He blamed himself for the pope’s death. Celestine had been warned about a planned assassination. A hidden document held the key to the plot. Celestine had asked Cal to find it, and he succeeded just as time ran out. His last-second warning may have prevented Celestine from perishing in the fireball that burned Elisabetta’s hands, but it couldn’t stop the heart attack that took his life. The act would go down in history as an assassination attempt, but that was splitting hairs. It was the violent removal of the leader of over a billion Catholics. Cal was a student of the Church, and he knew its brutal history well. As far as he was concerned, you could add the name of Celestine VI to the long list of murdered and martyred popes.

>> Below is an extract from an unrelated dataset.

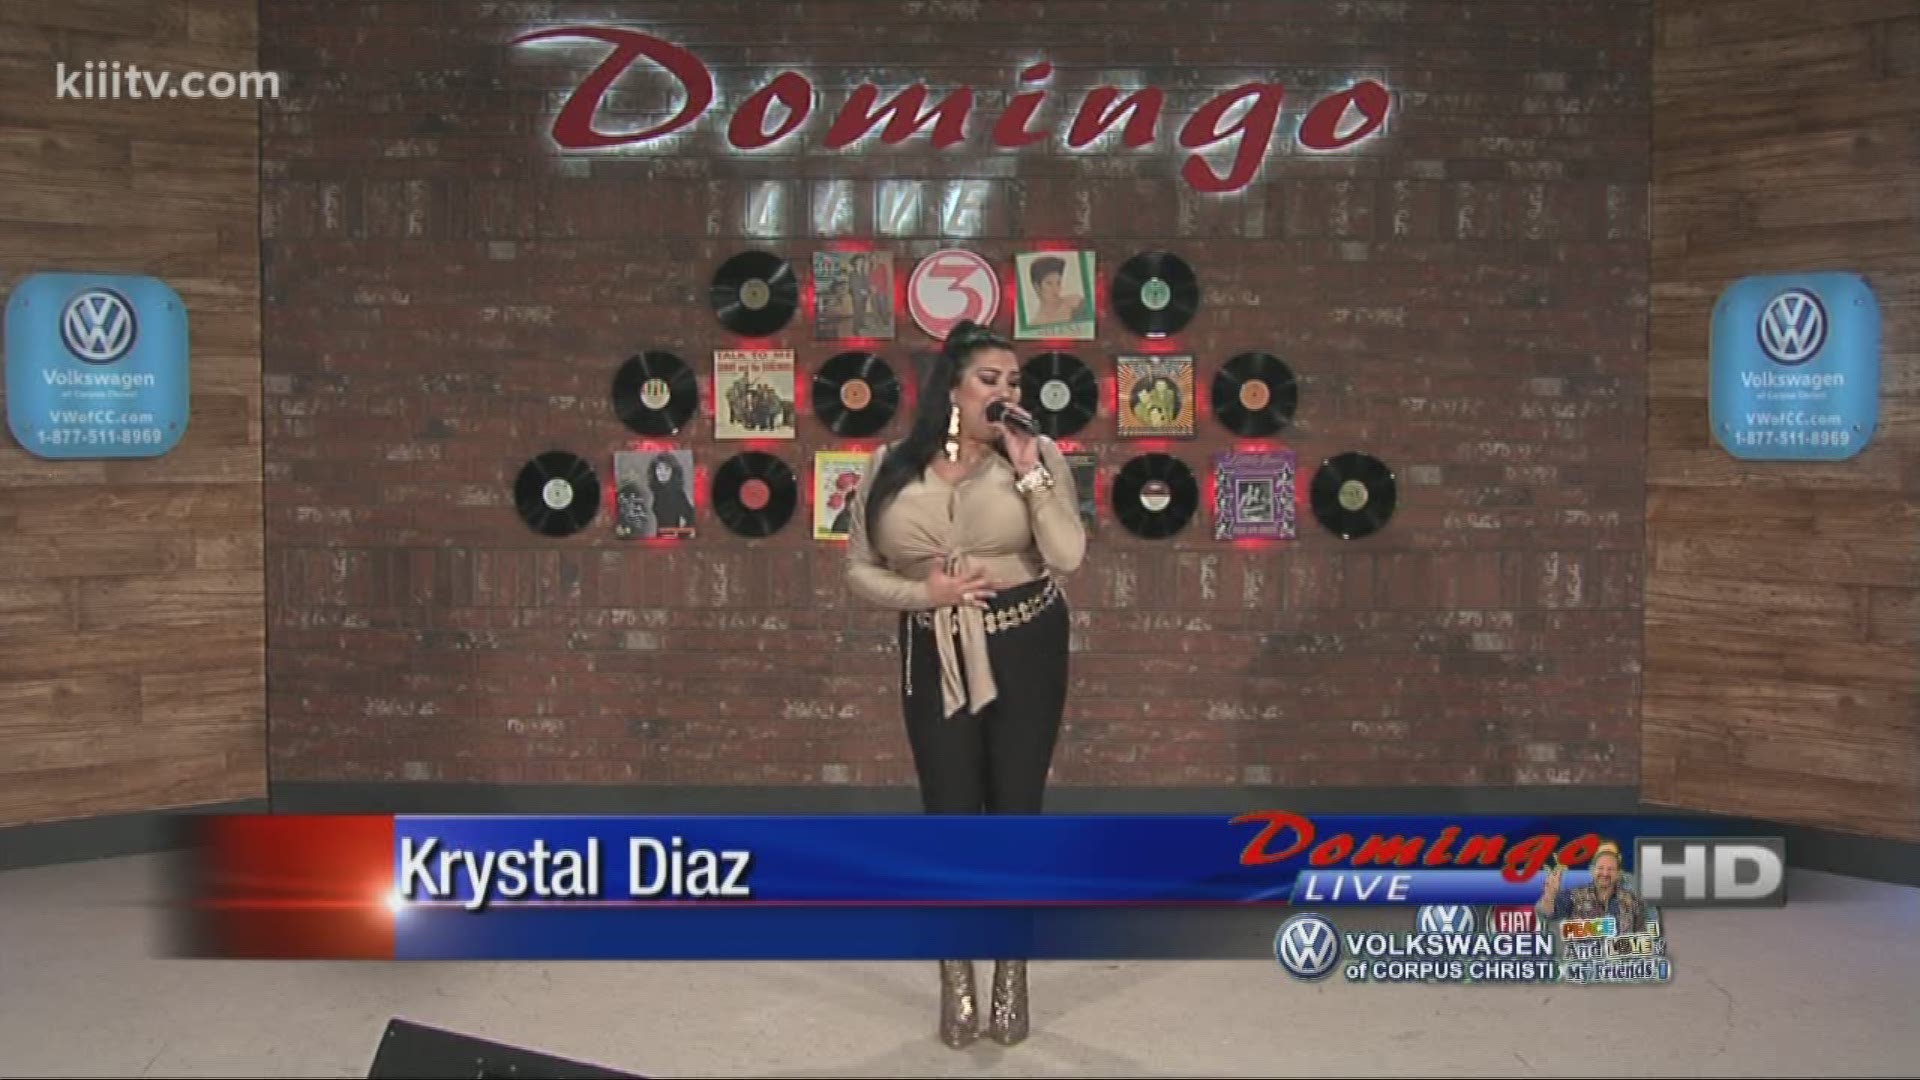 Krystal Diaz performing "Adios Hasta Nunca" on Domingo Live.
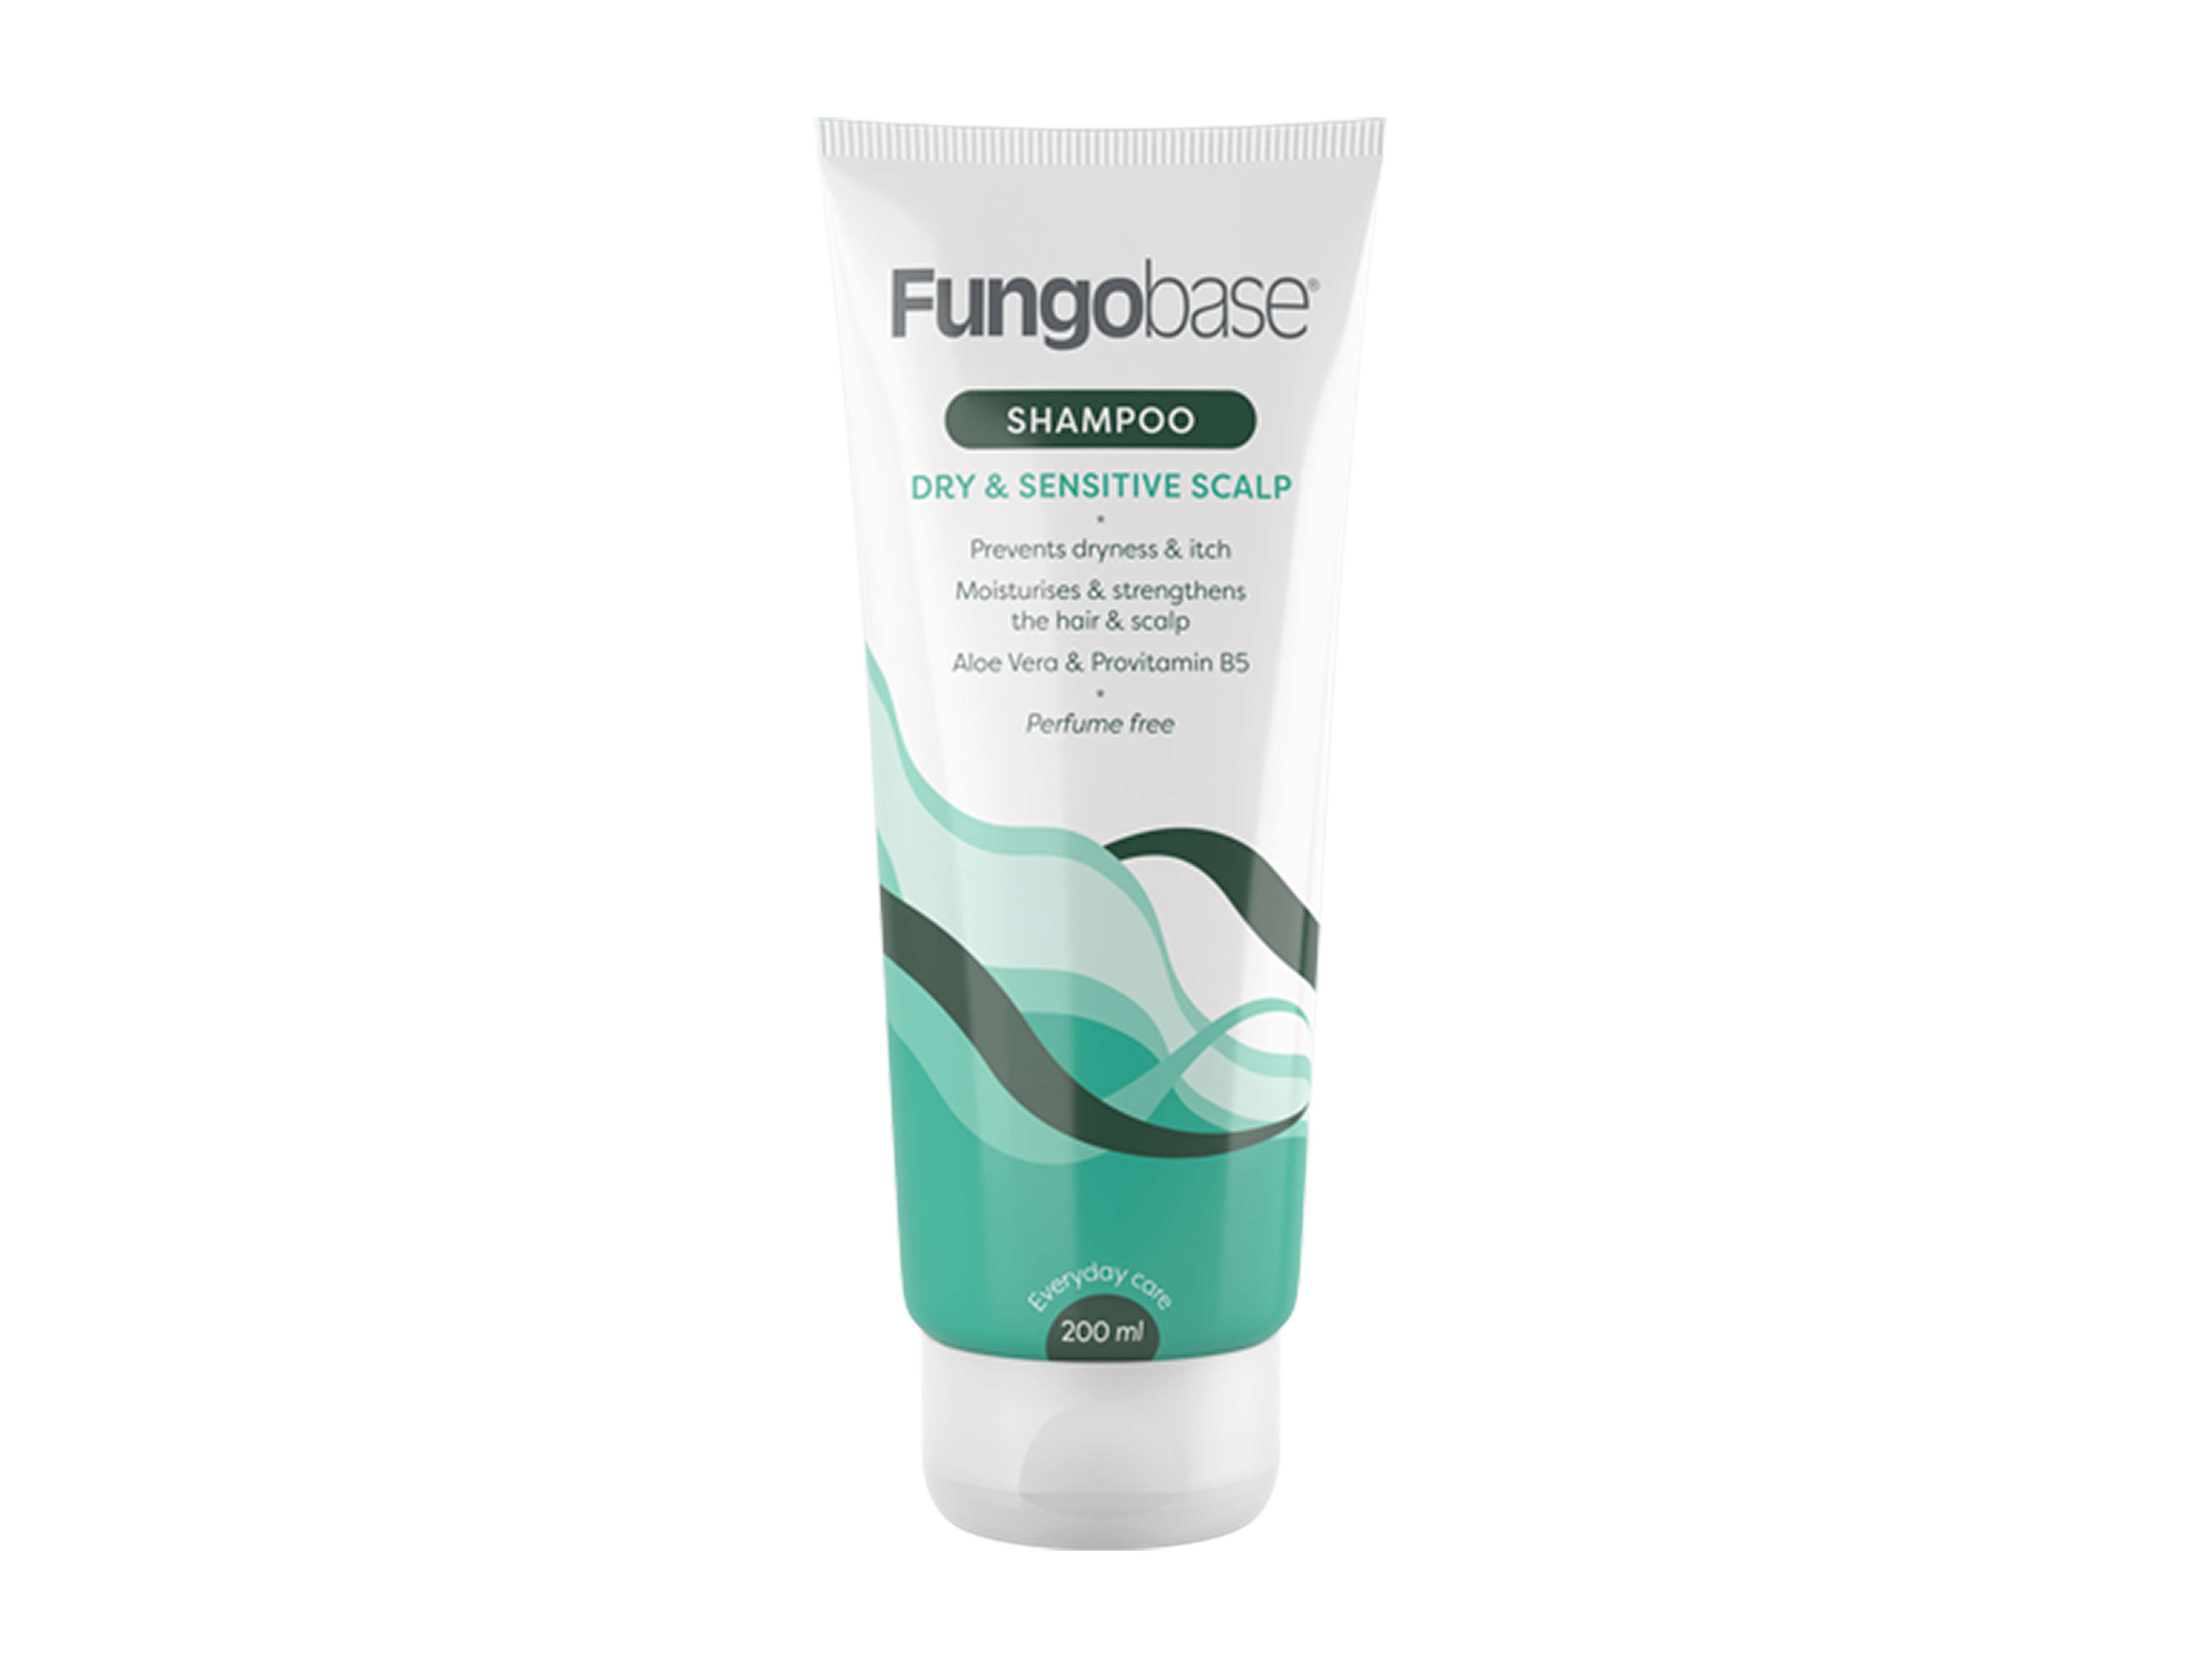 Fungobase Dry & Sensitive Scalp Shampoo, 200 ml

As the plane flew toward the dawn, the folk songs kept coming, and Cal kept drinking.
* * *
Cal’s preferred hotel in Rome was the Grand Hotel de la Minerve. He loved the roof terrace overlooking the Pantheon, the elegance of its seventeenth-century architecture, and its long history as a gathering place for visiting artists and intellectuals. And it didn’t escape him that the hotel had a particularly topical connection. It had been built as a mansion for the Fonseca family, Roman aristocrats of Portuguese origin.
Tourists were snapping photos of Bernini’s Elephant and Obelisk statue in the piazza outside his window. Cal pulled the curtains, showered, and sank into a blissfully soft bed.
The hotel phone caught him mid-dream. The glowing clock surprised him—he’d been asleep for hours.
“Pronto,” he said.
He heard an exhalation as if the woman had been holding her breath. “Cal,” she said.
“Elisabetta. Hello.”
“I do hope I didn’t wake you. I saw your flight was on time.”
“No, I’m up. It’s good to hear from you. How are you? How are your hands?”
“Better. The skin grafts went well. I only have to wear these little gloves. How is your leg?”
“It’s fine. I only have to wear this little cast.”
Her laughter tickled his ear.
“Emilio and I were wondering if you were free this evening for dinner. We thought Tonnarello, where we went before.”
* * *
Rome was magnificent on a late-summer evening such as this—the setting sun drenched the ancient cityscape in mellow, amber light. Cal’s orthopedic surgeon had advised him to take it easy, but it was called a walking cast, so Cal was damned well going to walk. He was itching to get back to his routine of running by the Charles in the morning and sparring with the Harvard Boxing Club—he’d been its faculty advisor for years. Cal had learned to box in the army during his wayward years between high school and buckling to his father’s will by enrolling at Harvard College, where Hiram Donovan was a professor of biblical archaeology. Boxing had always helped Cal blow off steam, and he badly needed to throw some punches right about now.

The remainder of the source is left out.